There's a lot of noise going on in here. The first thing to take a look at is the username, which looks like it'll be easy to deobfuscate. The user_input is compared to the variable slither, which is composed of aa and db and so on. What I do next is I make a copy of this python script called snake_user.py containing only the variables relevant, and then I add a print statement for the slither variable. It looks like this.

#!/usr/bin/python2.7
lr = '\x64'
db = '\x6e'
ef = '\x63'
nn = '\x61'
ty = '\x61'
gh = '\x6e'
aa = '\x61'
rr = '\x6f'
slither = aa + db + nn + ef + rr + gh + lr + ty
print(slither)

Running this like gives me a username, where x is a lowercase letter.

python snake_user.py
xxxxxxxx

This is good, I now have a username. But I still need a working password. So what is this code doing with the password? Again, I try to work backwards and create a minimal file that only contains the variables I need. I save this in the file snake_pass.py.

#!/usr/bin/python2.7
import random
chars = []
keys = [0x70, 0x61, 0x73, 0x73, 0x77, 0x6f, 0x72, 0x64, 0x21, 0x21]
lock_pick = random.randint(0, 0x3e8)
lock = lock_pick * 2
lock = lock + 10
lock = lock / 2
lock = lock - lock_pick
for key in keys:
    keys_encrypt = lock ^ key
    chars.append(keys_encrypt)
print("".join([chr(a) for a in chars]))

This is not even the most minimal version.

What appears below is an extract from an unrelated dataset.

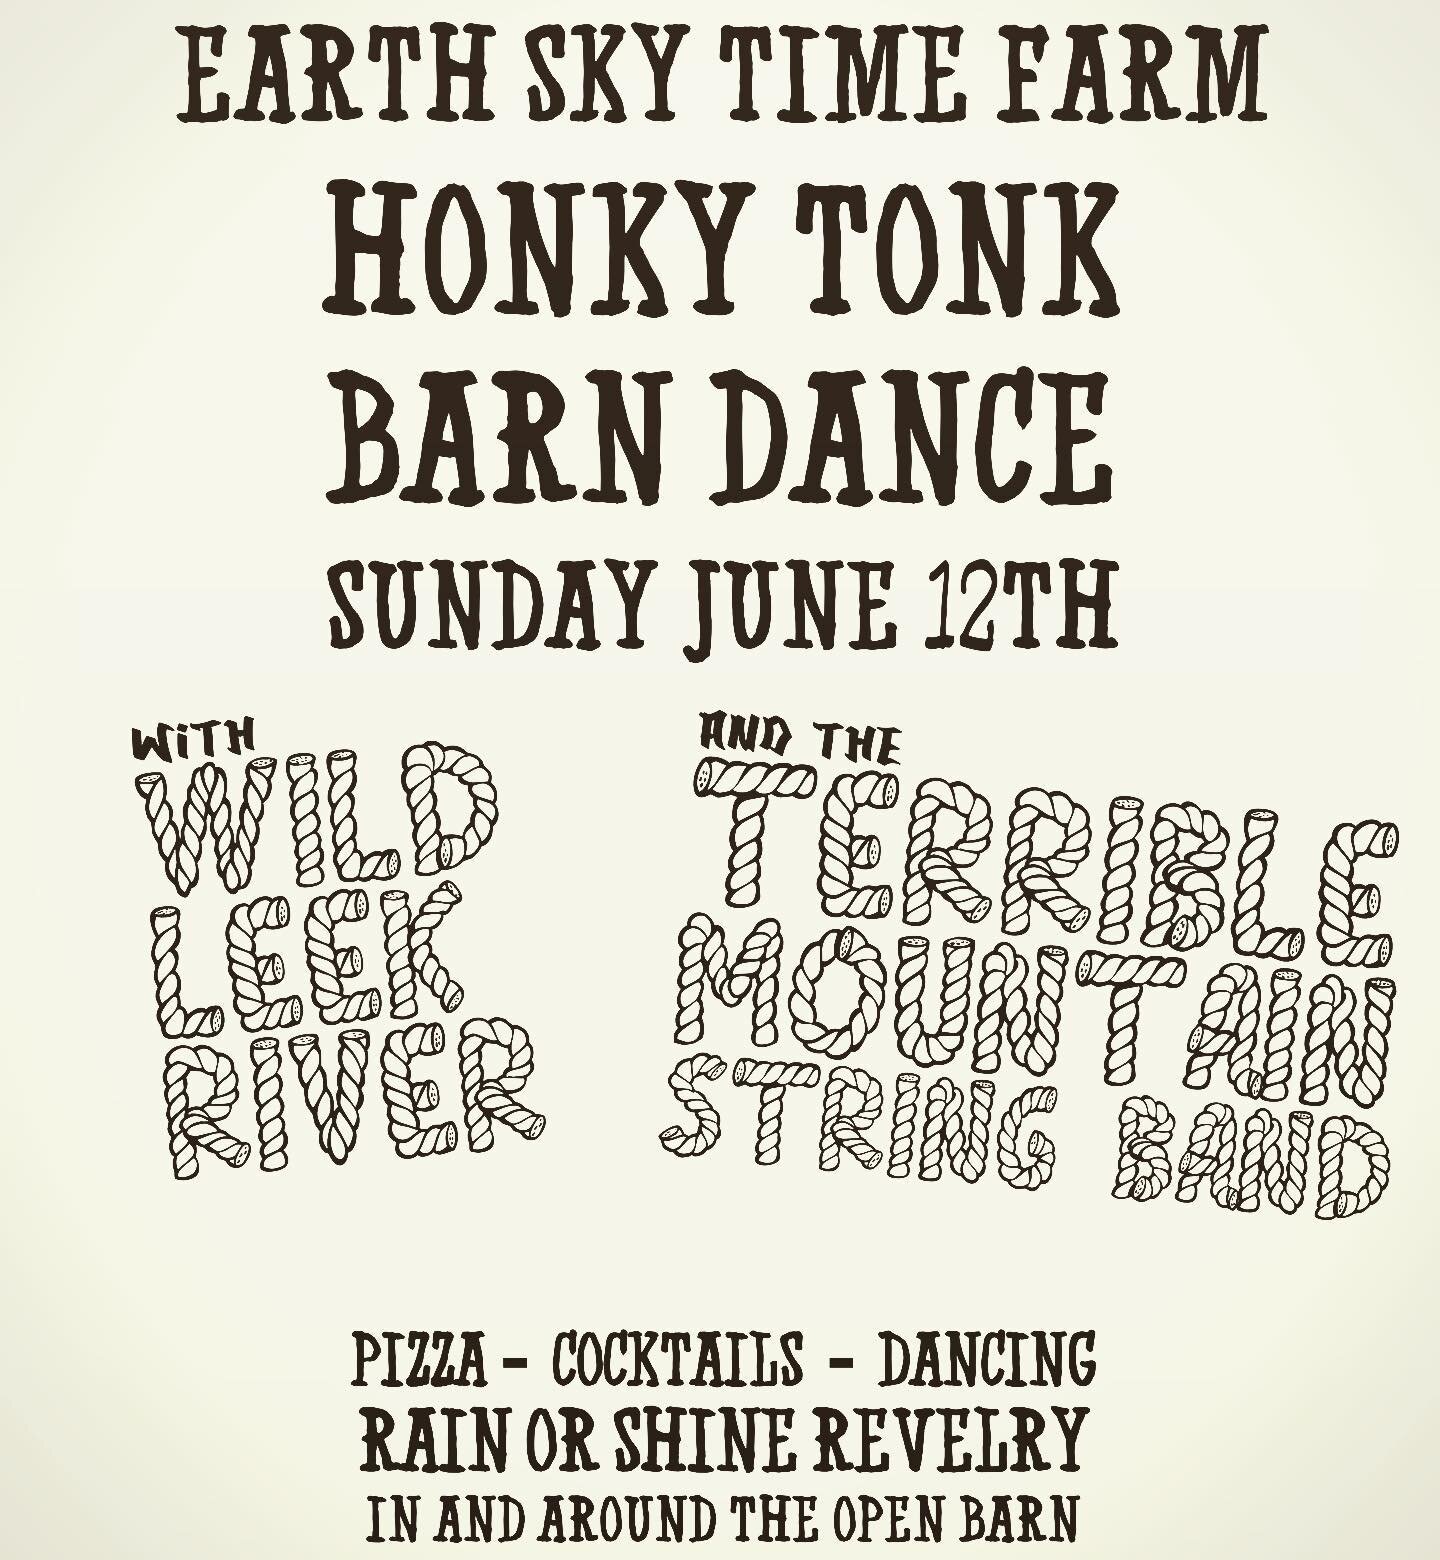 We were really looking forward to welcoming @spiritfamilyreunion back to the farm this Sunday, but that danged covid found em this week and sadly, they had to cancel their gigs. Fortunately our dear friends in @terriblemountainstringband stepped in a

The lock_pick variable can be removed, and the lock variable always ends up at 5.

Next I run this, and get a password.

python snake_pass.py
xxxxxxxxxx

I run the original snake.py and put in both the username and the password to confirm, and it does indeed work. I try the token as HTB{username:password}, and it works.